Bikram is bloody hard, and you will be miserable the first few times but I would agree it does give you peace of mind. You feel absolutely amazing afterwards.


----------



## FairleighCalm (May 20, 2007)

duh. forgot to mention my instructor started doing hatha yoga as a young teenager because of delibitating anxiety. now shes a total babe w/o anxiety.


----------



## candiedsky (Aug 7, 2011)

you probably already know what bikram is all about - the room is heated to 105 degrees, 40 percent humidity. 26 postures - i've personally never been to a yoga studio or done yoga in a public or private class. I do it entirely at home, and sometimes I'll crank up the heater and do a bikram-styled format, attempting all 26 poses. It may take 90 minutes, but afterwards you really are incredibly calm. Surprisingly I am left sorer after yoga than most runs or other workouts. :yes

Basically, if you really want to see what all the fuss is about you can try to do the poses at home first.


----------



## woot (Aug 7, 2009)

Was introduced to bikram yoga by an ex.

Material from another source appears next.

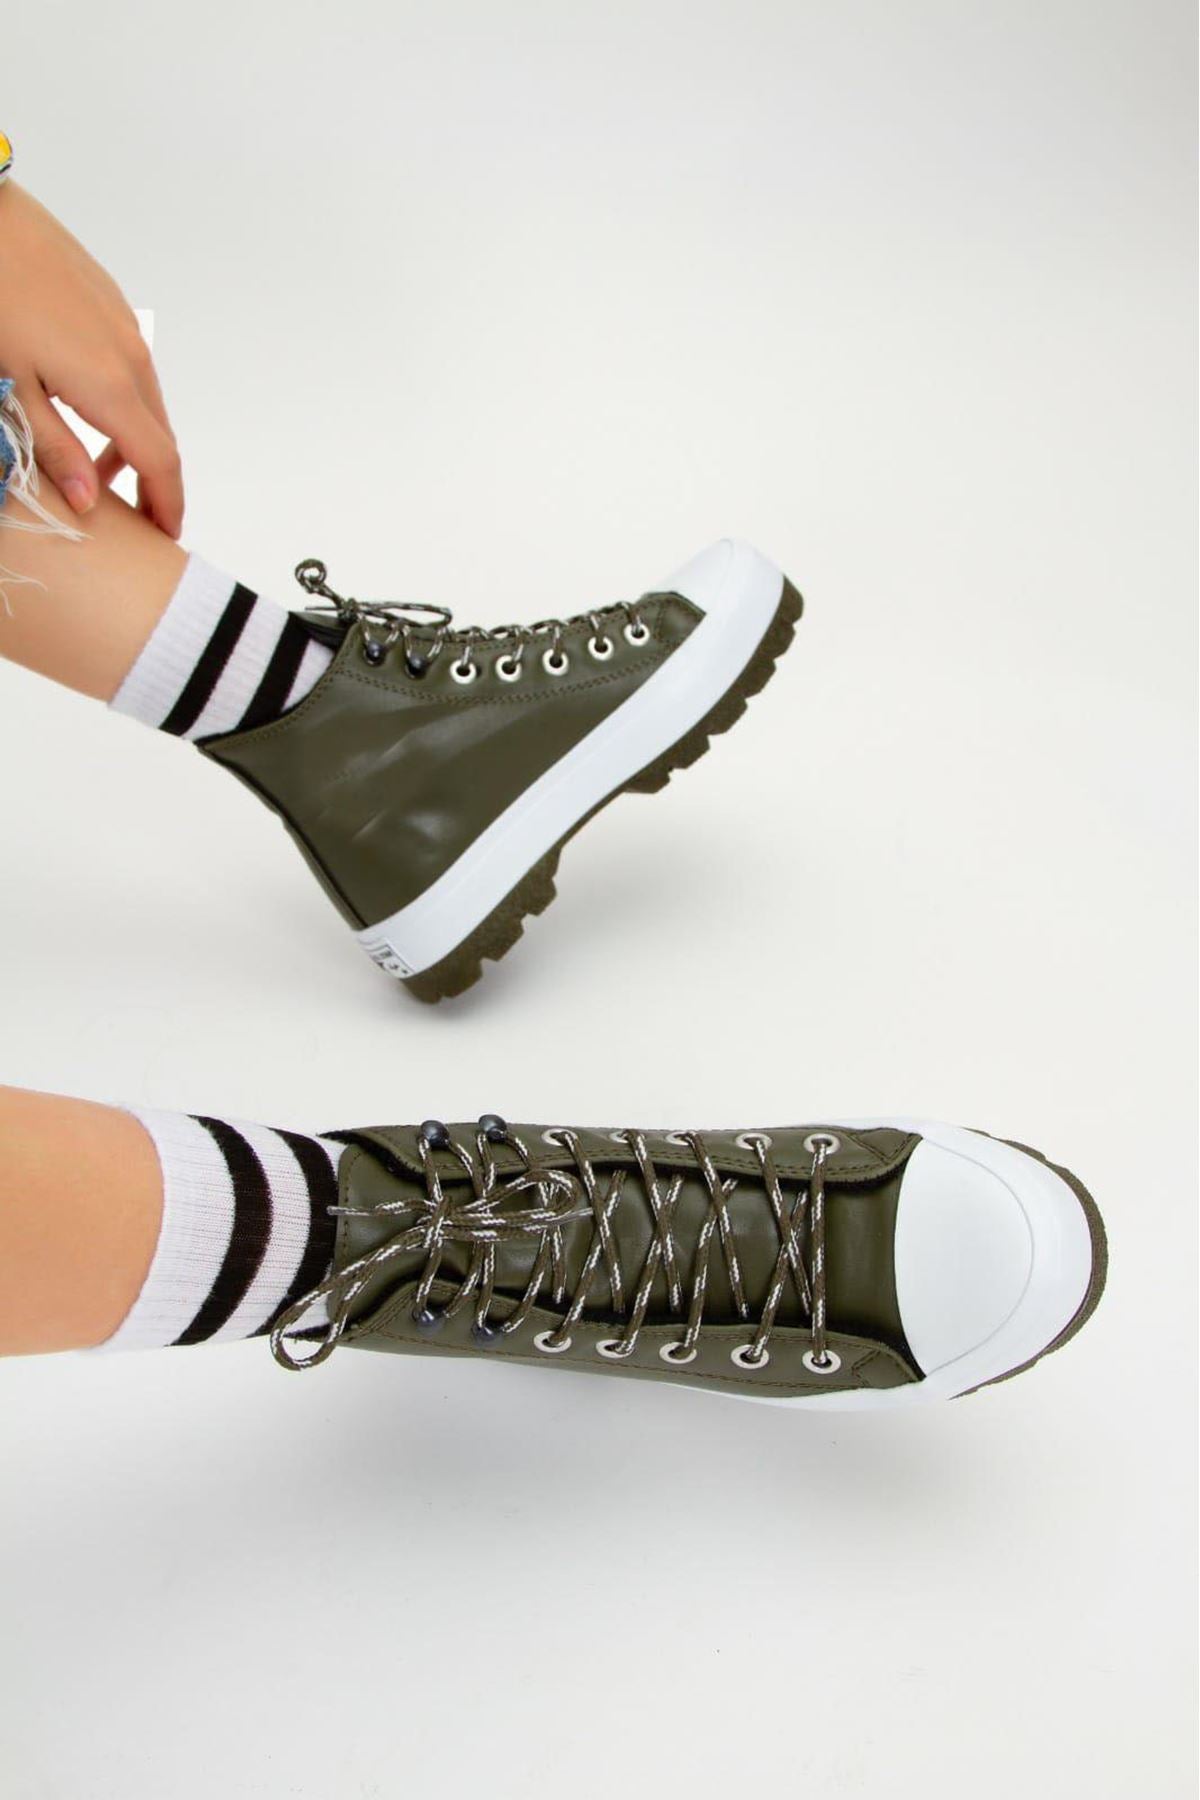 Feris Khaki Luxury Women's Sports Boots - STREET MODE ™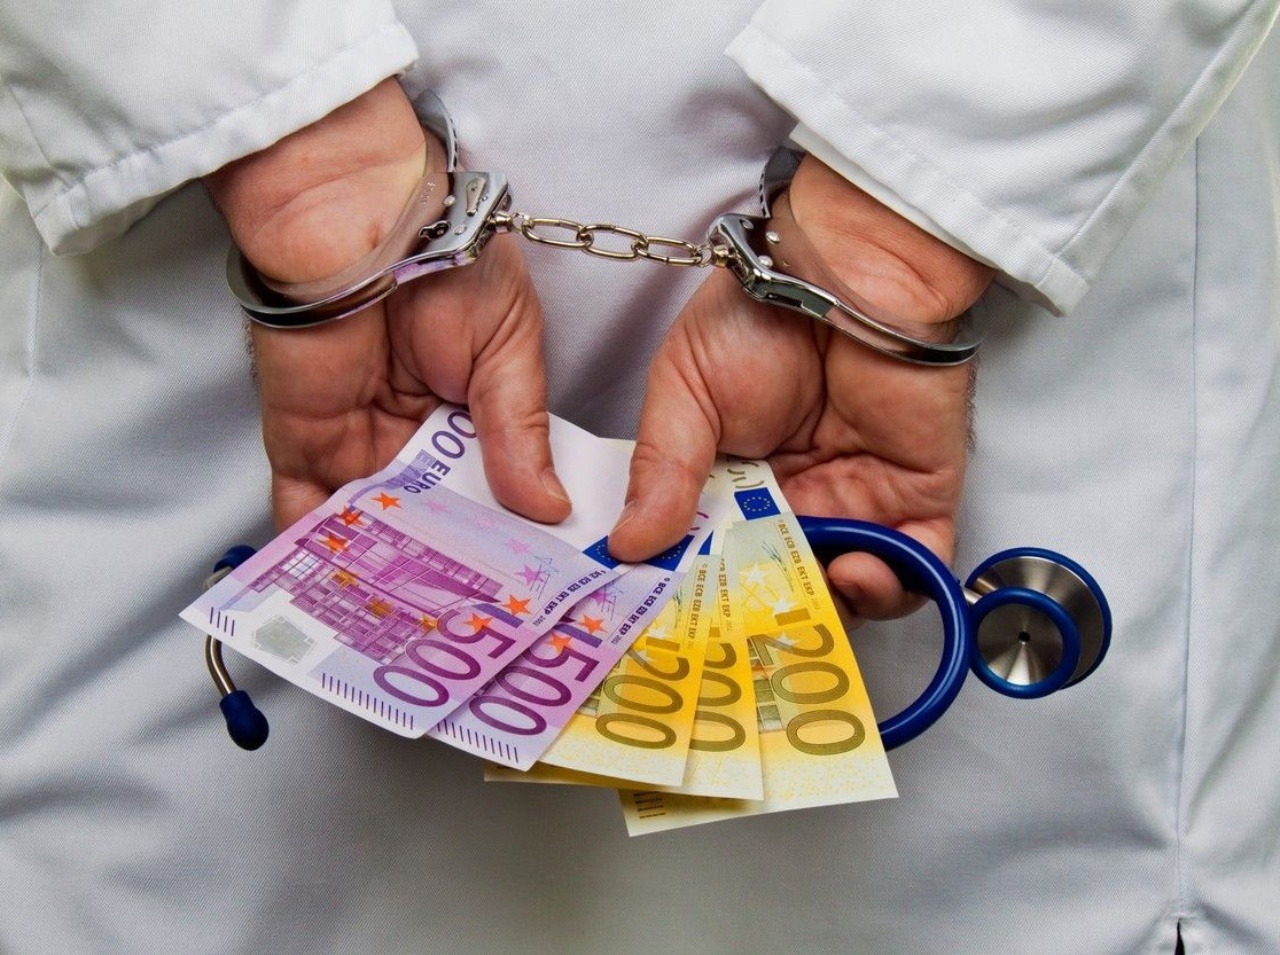 Neoficiálne platby v zdravotníctve sú medzi Slovákmi naďalej rozšírené!

Free classes. very hard, but great way to relax and destress


----------



## bottleofblues (Aug 6, 2008)

I go to Bikram Yoga twice a week because my body is very tense from all the **** in my head basically. Its very hard at first you'll sweat like never before but if you can stick at it it becomes easier, but its always intense, think of it as hardcore yoga cos thats what it is.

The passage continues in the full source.